The sole veritable advantage (excluding price) with picking a DLP projector is its smaller size and weight. However, this is only relevant to transporting the device and must be traded off against the image benefits of LCD projectors. If resulting picture quality is important to you, then the choice is simple. Take an LCD projector! LCD projectors will definitely make bright, colourful images with fewer image mistakes. If you wish to find out more about LCD technology in more detail, see this fabulous resource website: Explore 3LCD. If you have any other questions, jump onto Projector Central and send me an email.

Jonathan King is the sales and marketing manager for Projector Central, Australia’s number one online shop for projectors. Based in Brisbane, Projector Central has served Australia for 15 years. For data projectors in the Gold Coast and Interactive Whiteboards, contact Projector Central today.

Yachting and Yacht Clubs

2010 July 16

As the Dutch found preeminence in sea power during the 17th century, the early yacht became a leisure craft used initially by royalty and later by the burghers for the canals as well as the protected and unprotected waters of the Low Countries. Racing was incidental, coming out of private challenges. English yachting originated with King Charles II of England during his exile in the Low Countries. On his reaffirmation to the English throne in 1660, the city of Amsterdam sent him a 20-metre (66-foot) leisure boat with a beam (maximum width) of 5.6 m (18 feet), which he then named Mary.
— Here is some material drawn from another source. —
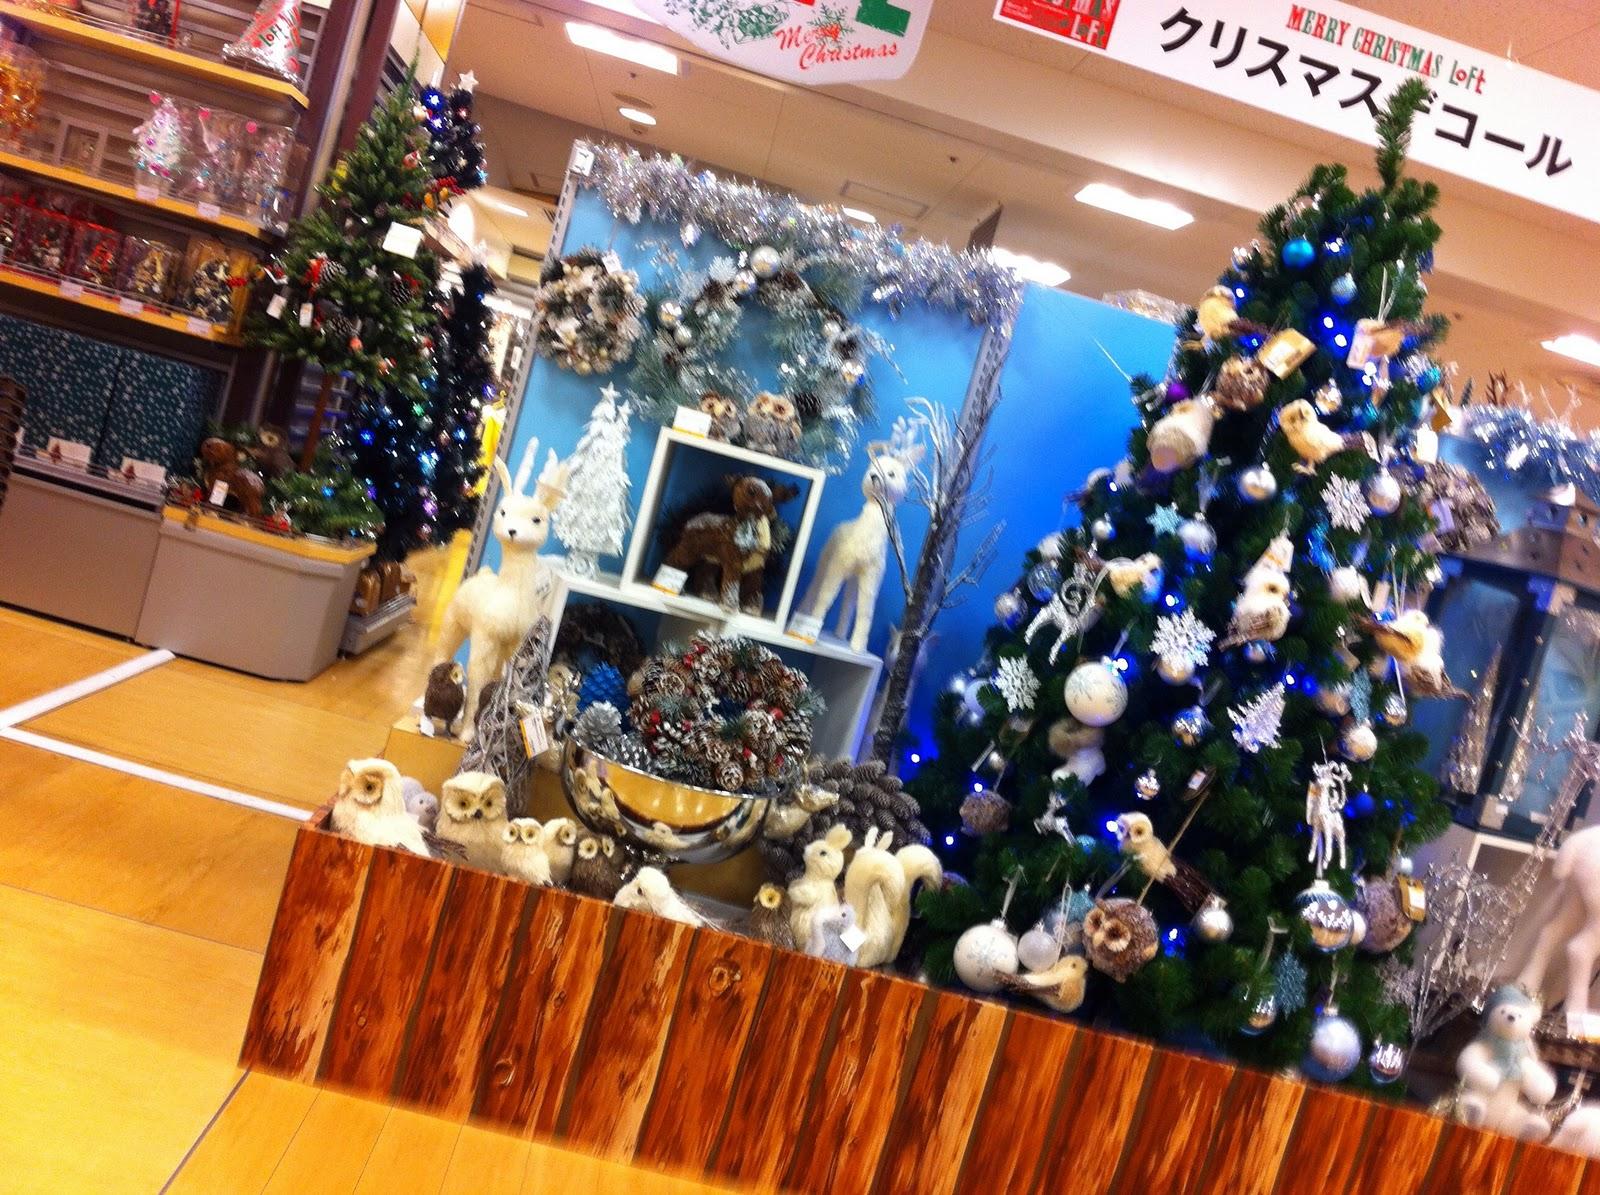 Merry Christmas in Japan

Charles and his brother James, the duke of York (James II, ruled 1685–88), made more yachts and in 1662 raced two of them from the Thames, from Greenwich, to Gravesend, and returning, on a £100 bet. Yachting became fashionable among the wealthy and royalty, but after that time the trend did not last.

The first yacht association in the British Isles, the Water Club, was started around about 1720 at Cork, Ire., as a cruising and unofficial coast guard group, with large naval panoply and formality. The closest thing to racing was the “chase,” when the “fleet” pursued an imagined enemy. The club endured, for the large part as a social club, until 1765, and in 1828, by joining with other clubs, it was known as the Cork Yacht Club (later the Royal Cork Yacht Club).

Yacht racing began in some organized fashion on the Thames in the mid-18th century. The duke of Cumberland funded the Cumberland Fleet for Thames racing in 1775. When George IV ascended to sovereignty in 1820, it came to be called the Fleet to His Majesty’s Coronation Sailing Society. The Thames Yacht Club seceded with a racing fight, to become the Royal Thames Yacht Club in 1830. The first English yacht club had been initiated at Cowes on the Isle of Wight in 1815, and royal funding made the Solent – the strait between the mainland and the Isle of Wight – the perpetual setting of British yachting. The club at Cowes became the Royal Yachting Club, likewise at the ascension of George IV. Each member was required to have boats of at least 20 tons (20,321 kg). Sailing tests for high stakes were held, and the social life was superlative. It came to be that the Royal Yachting Club boats grew in size to bigger than 350 tons.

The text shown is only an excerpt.